Huss, a rapist and killer, freed by jury that decides he’s no longer a threat

Sex predator label rejected; ‘God help us all,’ a victim says

By JEFF ECKHOFF
REGISTER STAFF WRITER
May 26, 2005

Loren Huss, a 42-year-old rapist and killer, walked out of jail a free
man Wednesday when a Polk County jury ruled he is no longer a danger to
the public.

Jurors deliberated one day before they ended Huss’ 19 years in state
custody and declared he is not a sexually violent predator who needs to
be confined in a state treatment program.

A stunned Huss and his lawyers smiled Wednesday when the decision was
read.

His family, apparently shellshocked, stood outside the courtroom and
declined to comment.

Meanwhile, Dorothy Wallace paced and shook her head.

“It’s a sad verdict,” said Wallace, whom Huss robbed, beat and left
partially naked on an east Des Moines parking lot in 1980.

“They turned a rapist and a murderer loose today,” Wallace said. “God
help us all. . . . Every woman in this town is in danger.”

Huss, convicted of robbery for the attack on Wallace, blamed the incident
on a combination of alcohol, drugs, immature behavior and a bad attitude
toward women. He cited mostly the same reasons for his role in the gang
rape of a young woman near Saylorville Lake the following year.
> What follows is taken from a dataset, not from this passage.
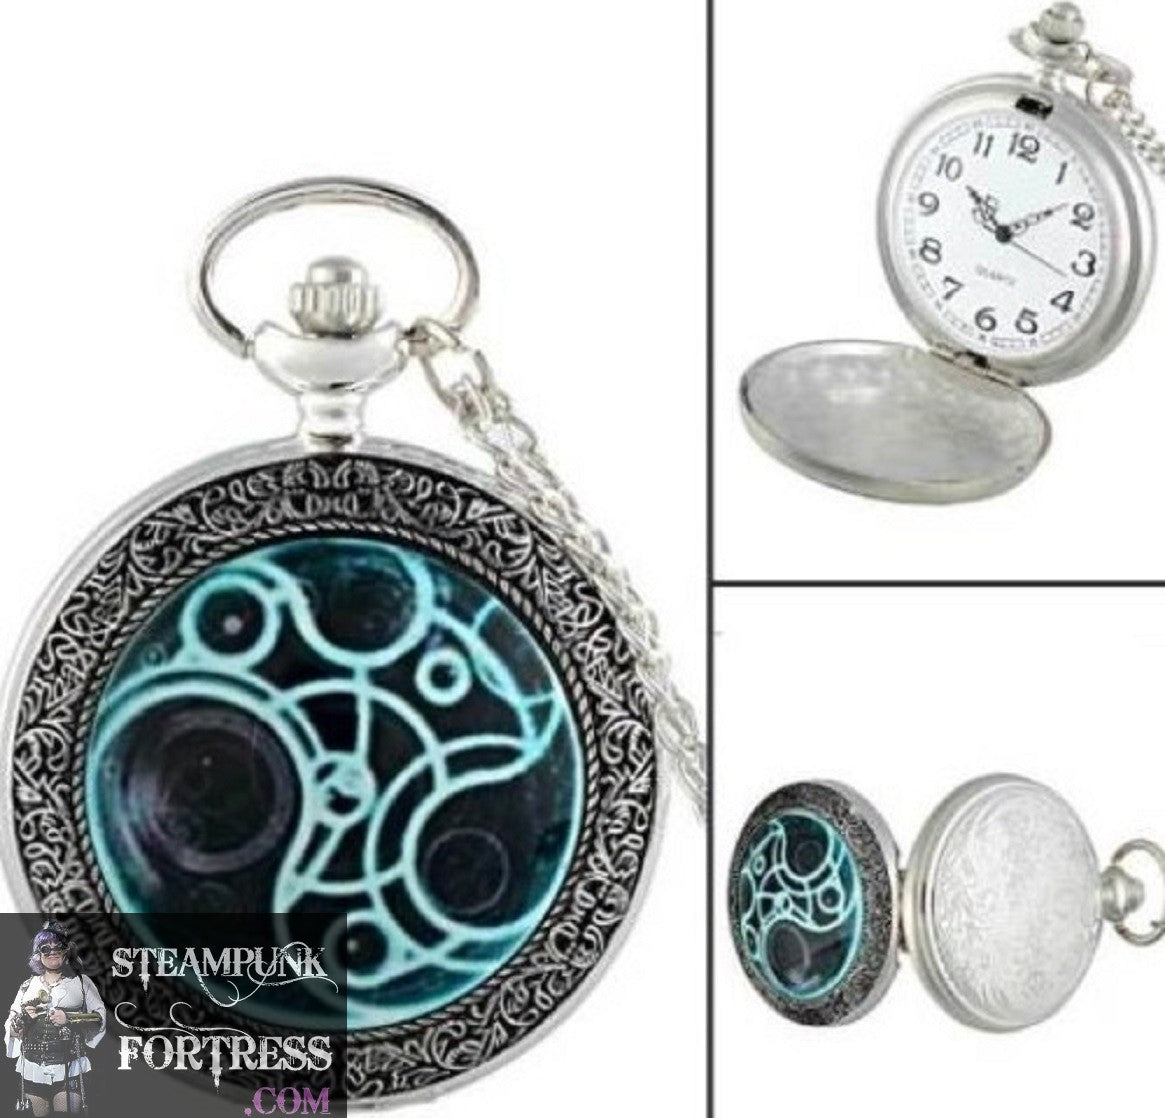 SILVER BLUE DOCTOR DR WHO GALLIFREY HOME PLANET WORKING POCKETWATCH POCKET WATCH WITH CHAIN AND CLASP - MASS PRODUCED

But Huss testified last week, and psychiatrists confirmed, that his
attitude had improved by the time he left prison in 1984.
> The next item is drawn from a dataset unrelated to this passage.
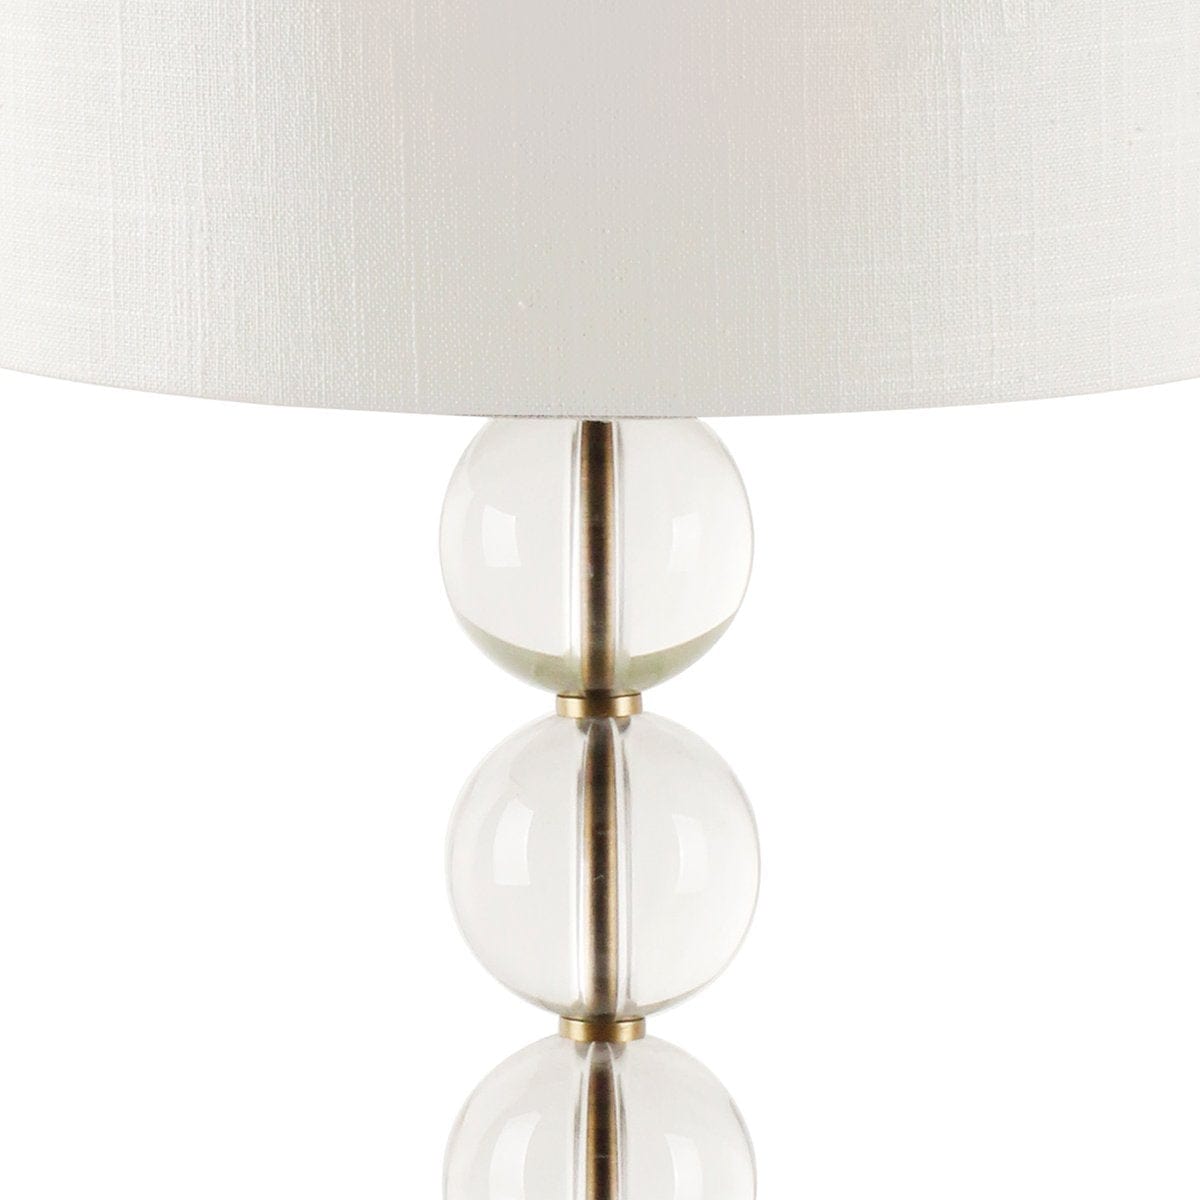 CAFE LIGHTING & LIVING Table Lamp Chanel Crystal Table Lamp 11759

By 1986, Huss was living with Marilyn Sheets in a Des Moines apartment.
He says he began to get messages from the radio and television that urged
him to fight the devil.

Defense-paid psychiatrists testified at his seven-day trial that Huss
suffered a psychotic delusion and was in the manic state of bipolar
disorder when he attacked Sheets on May 19, 1986.

Huss said he attempted to get the devil out of Sheets when he beat her to
death, gouged out her eyes, bit off her nose and wrote on the walls in
her blood.

When police found him with Sheets’ naked body in a mostly demolished
apartment, Huss was shouting and jumping up and down. It took five
officers to subdue him.

Huss was convicted of first-degree murder in 1987, but a federal appeals
court later awarded him a new trial. He was found not guilty by reason of
insanity in 2001.

Two years later, the Iowa Supreme Court ruled that Huss, who had shown no
symptoms of the bipolar disorder since 1986, was not dangerous and could
no longer be held for mental treatment. By then, state prosecutors had
filed papers to hold him indefinitely as a sexual predator.

Lawyers with the Iowa attorney general’s office argued to the end that
Sheets’ murder was a sexually motivated crime. State-paid psychiatrists
insisted last week that Huss remains dangerously attracted to
nonconsensual sex and is more likely than not to reoffend.

“The state obviously is disappointed,” said Doug Hammerand, an assistant
attorney general. “But that’s why we leave these cases to a jury to
decide. We have to respect their decision.”

Huss, through his lawyers, declined to comment Wednesday.

Doctors testified during the trial that Huss plans to move in with his
mother and sister for the time being in the Des Moines area. Through
prison classes, Huss has accumulated more than 50 hours of college credit
at the University of Iowa and has said he intends to work toward a
degree, probably at Iowa State University.

Huss told jurors that he intends to do “whatever is necessary to keep
everybody safe,” but as of last week he had not settled on a long-term
medication plan to keep the bipolar disorder at bay. He said he plans to
continue work with a doctor.

“He can do whatever he wants,” Hammerand said. “He can see different
groups and different doctors. But that’s entirely up to him.